Functional programming is considered. A program is a set of pure functions (no side-effect is allowed). Each function can have multiple arguments and results. The bodies of functions can be described in imperative style (in Fortran, C and etc.) It is only important, that:

all the information from the outside of the function be received only via its arguments;
the information from the function be transferred only via explicitly declared results.

Functional call of function G

[x,y,z] = G(a,b);

from a process evaluating some other function F has non-standard semantics (is carried out as a network function call).

A call to function G results in creation of a new process, with several inputs (according to the number of the arguments of G) and several outputs (according to the number of the results of G). The outputs of the new process are tied with the appropriate variables (x, y, z) of F by the "producer-consumer" relation.

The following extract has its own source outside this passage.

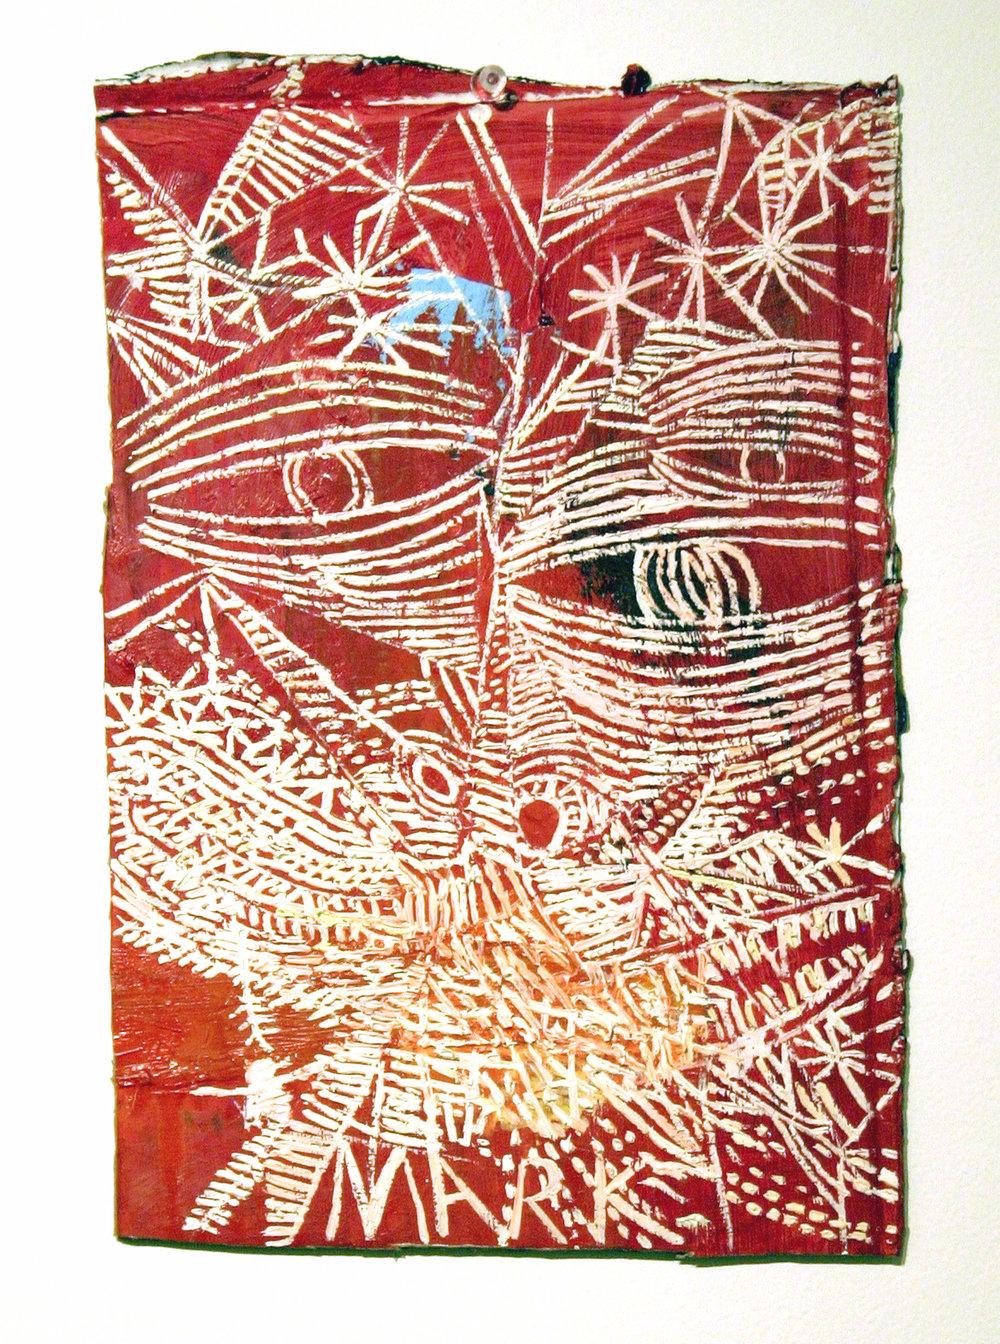 Mark Grotjahn  Untitled  2006 Oil on cardboard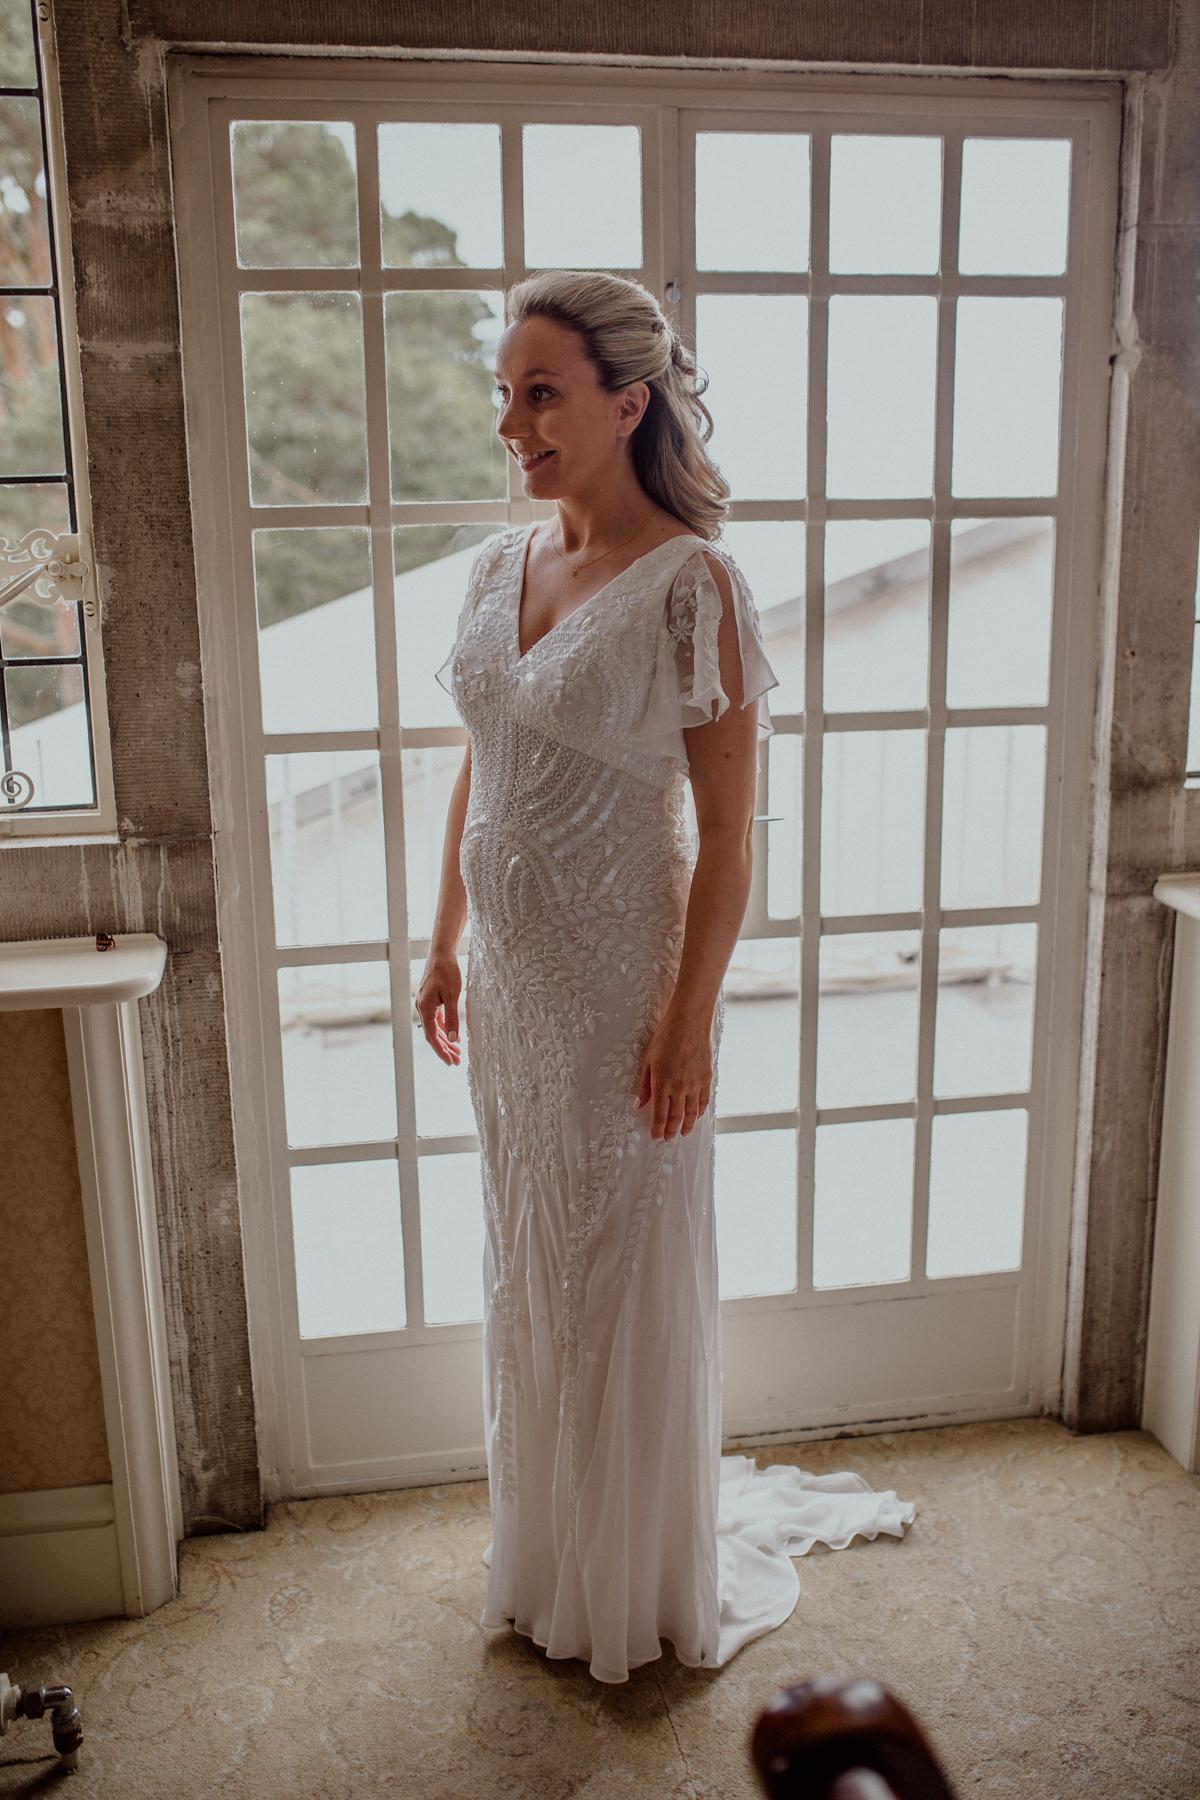 2816877abf Eliza Jane Howell bride - An Eliza Jane Howell Beaded Dress And Family  Heirloom Veil ...

Thus at the moment of the call the consumer variables receive unevaluated (not ready) values. The new process G will work to compute the function G and to replace the unevaluated values of all consumers by the appropriate results of function G.

All processes are created in the "ready to compute" state. A call of function G from the process F as described above does not make the process F not ready to compute.

The only event that can lead to the loss of readiness (to suspension) of a process is an attempt of the process to carry out any substantial operation with an unevaluated value (data transfers, for example copying, are not considered substantial operations and do not lead to suspension of processes).

If a process has attempted to carry out an operation with an unevaluated value, the process loses its readiness--becomes suspended. The readiness (ability to be evaluated) will be returned to the process (the process will be resumed) when the unevaluated value that was the reason of the suspension is replaced by a normal evaluated value as a result of work of some other process.

Thus, in every moment the state of computation can be represented as a network being computed; the nodes of the network are the processes and data structures, and arches represent the "producer-consumer" relations.

During the program execution the network being computed transforms itself: new nodes appear (call of function), nodes disappear (the last result needed by consumers has been computed), arches appear and disappear (allowable operations with unevaluated values.)

Autotransformation of an network being computed, as a model of organization of computations, opens an opportunity for automatic dynamic parallelizing of programs: for the majority of the applications the organization of the computation in this way provides sufficient number of processes ready to run, and they can be run in parallel.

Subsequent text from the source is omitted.